WHAT IS REQUIRED: Once you find the line with "Bing Maps results", transcribe it and all the lines that follow to the end of the data, exactly as written; skip any pictures.

DATA:
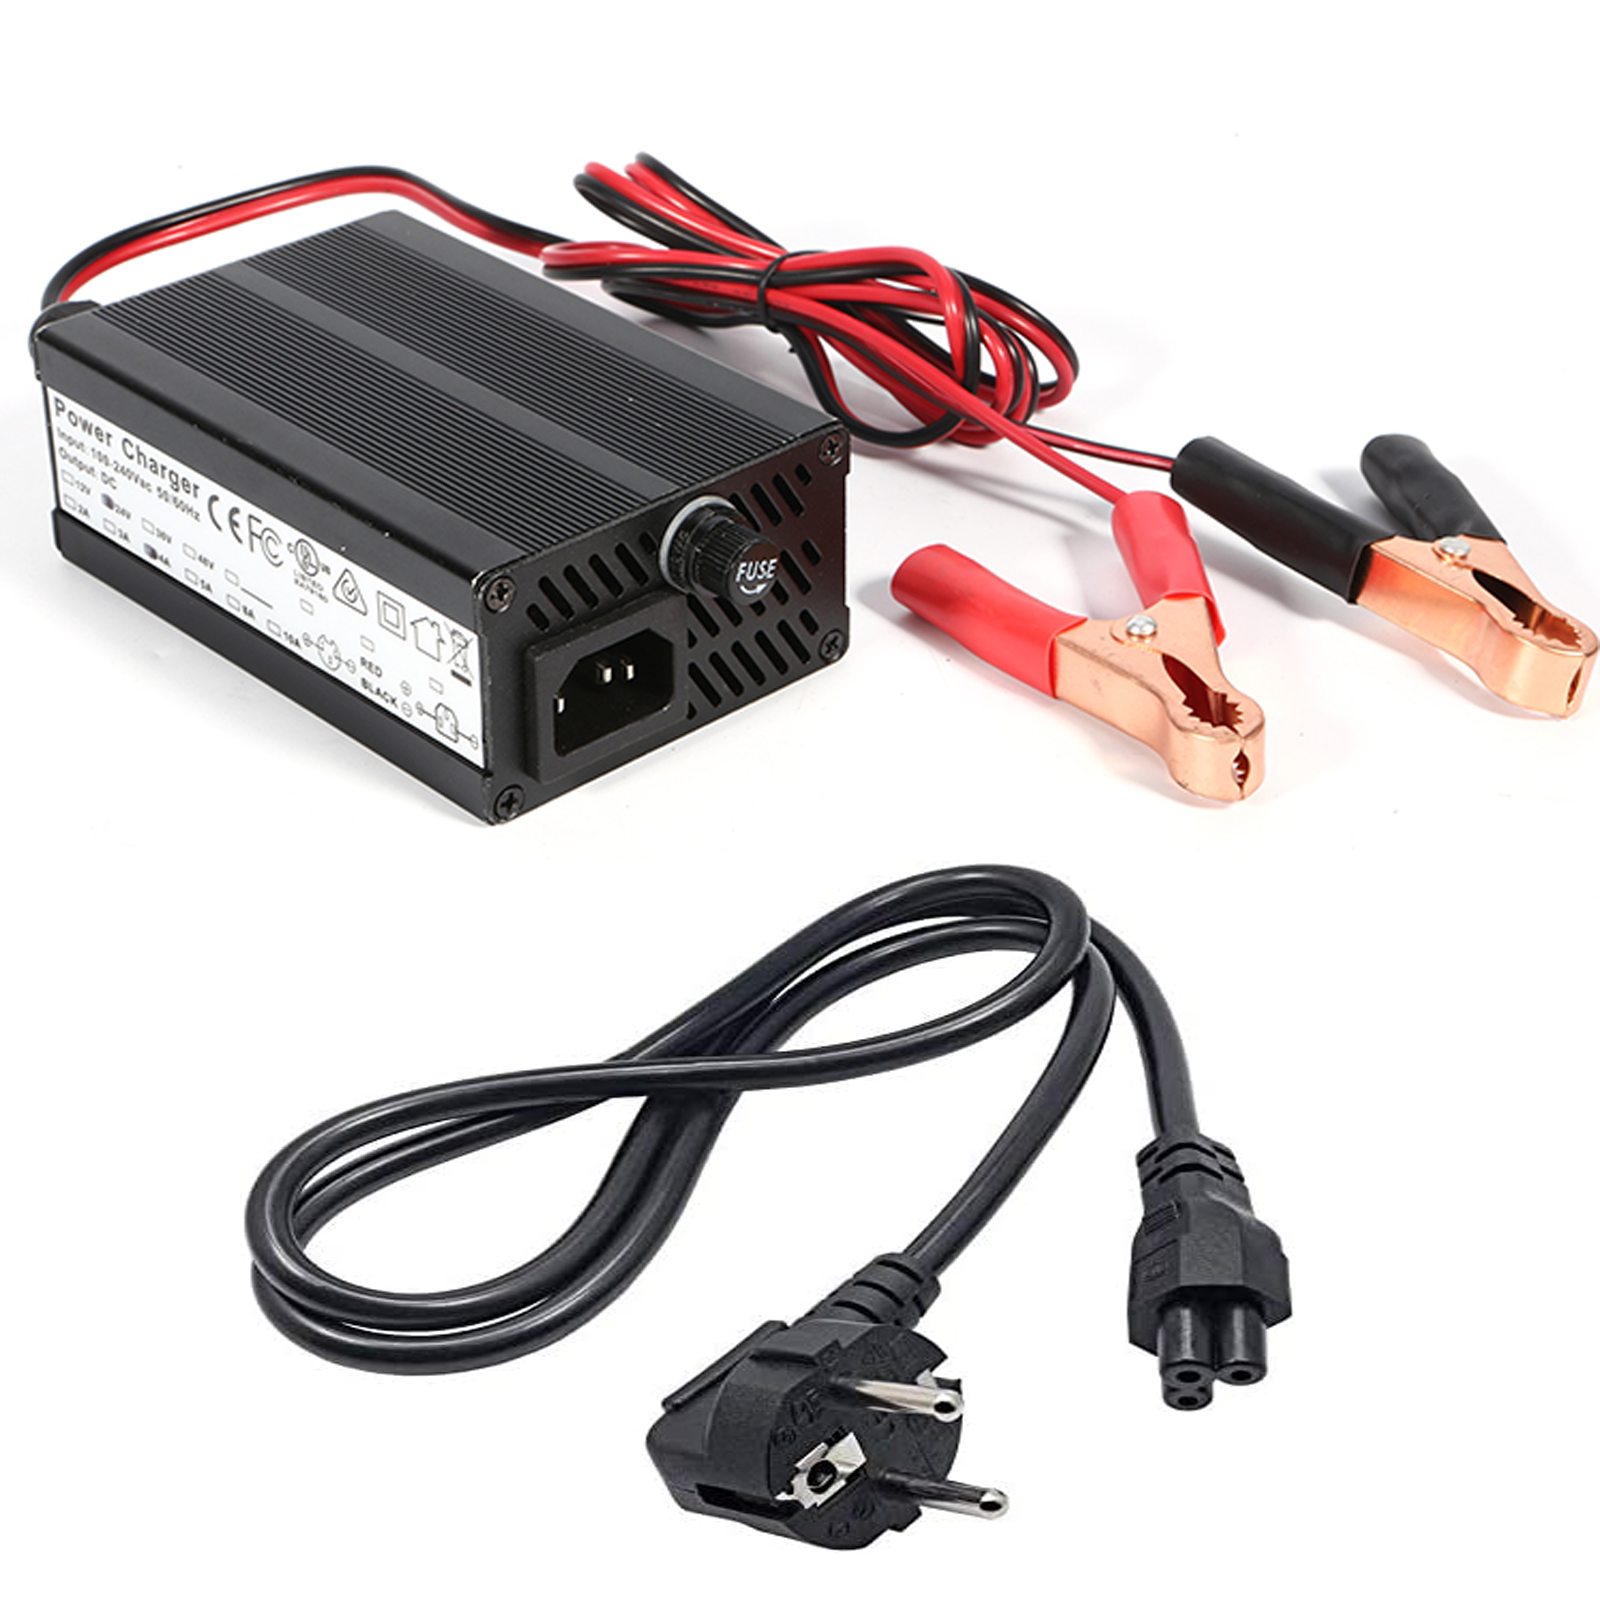 TezePower 14.6V 10A LiFePO4 Lithium Battery Charger
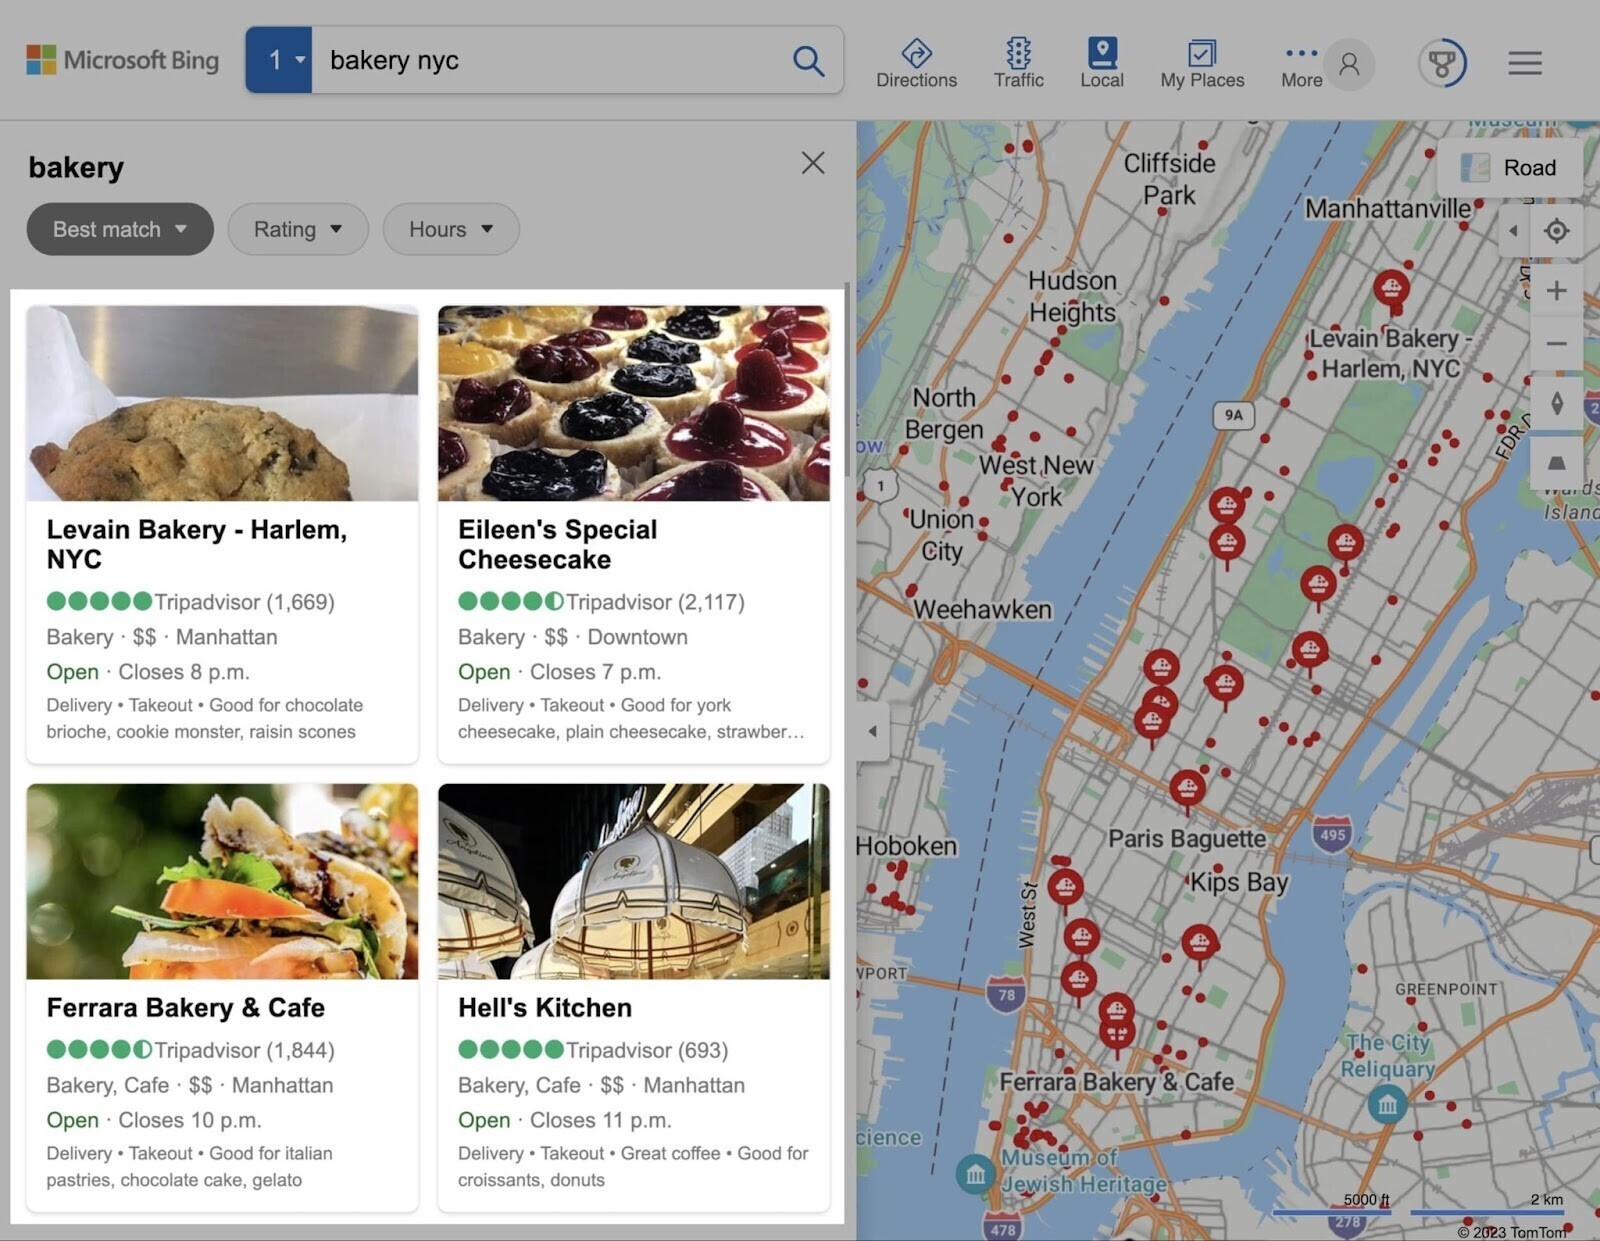 Bing Maps results also displays business listings with images
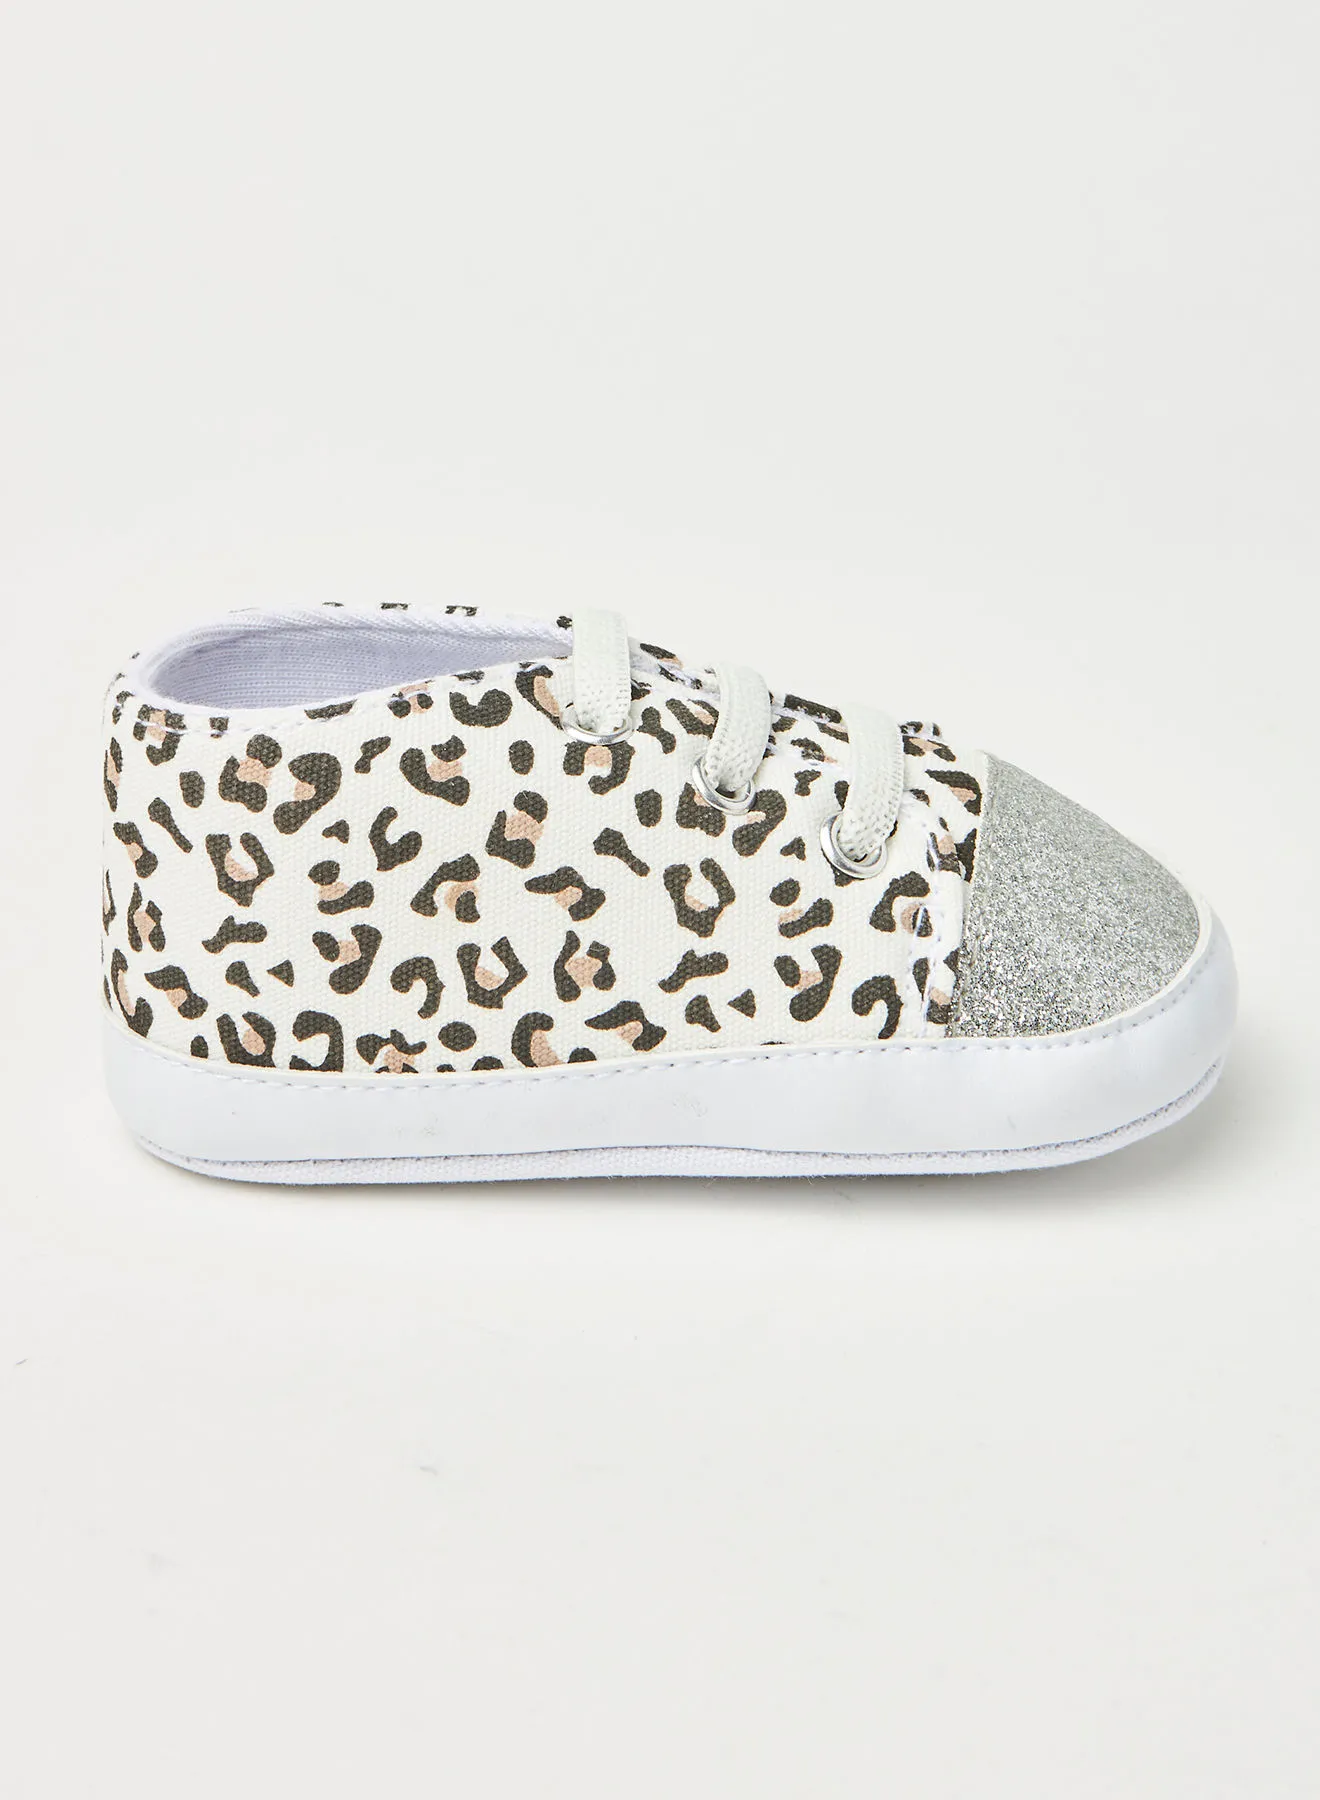 NEON Animal Printed Casual Slip-On Shoes Silver
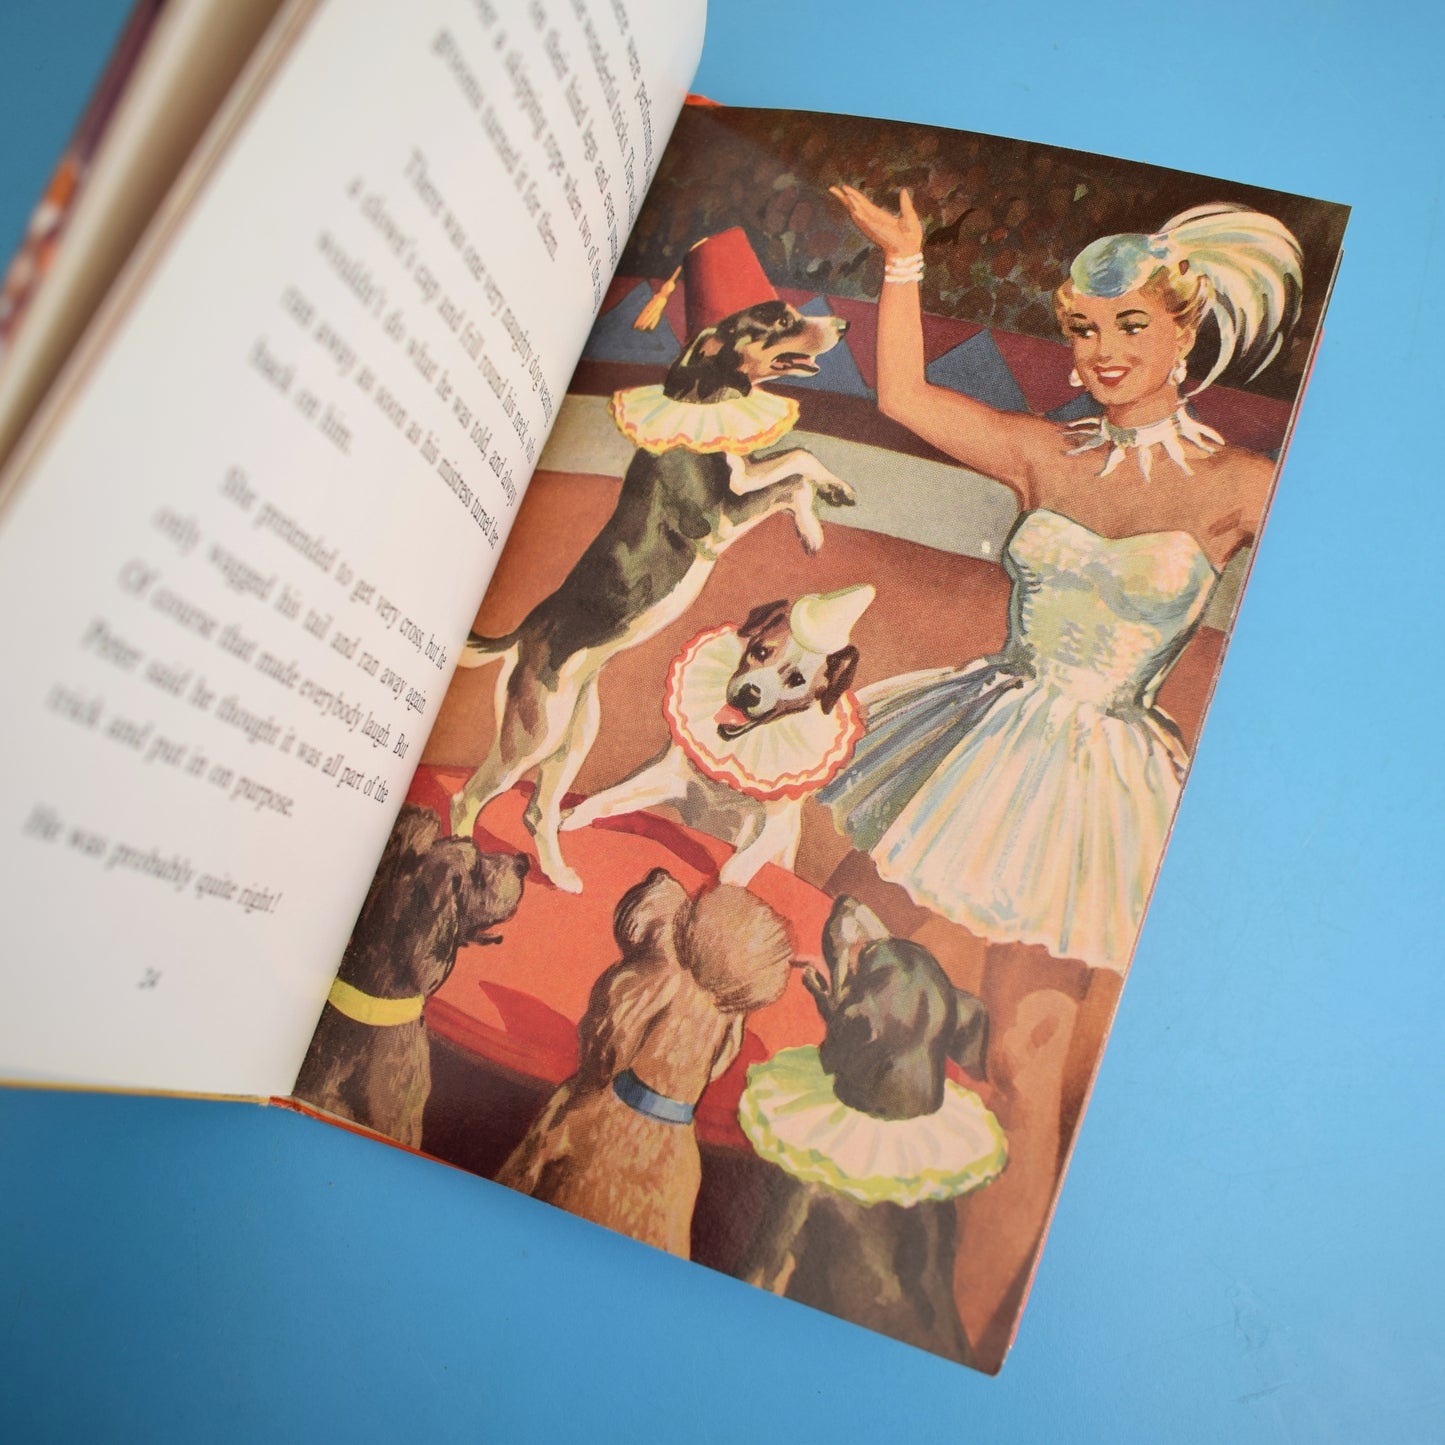 Vintage Ladybird Book - The Circus Comes To Town

TASK ANSWER:
 Bing Maps results also displays business listings with images
 NEON Animal Printed Casual Slip-On Shoes Silver
 Vintage Ladybird Book - The Circus Comes To Town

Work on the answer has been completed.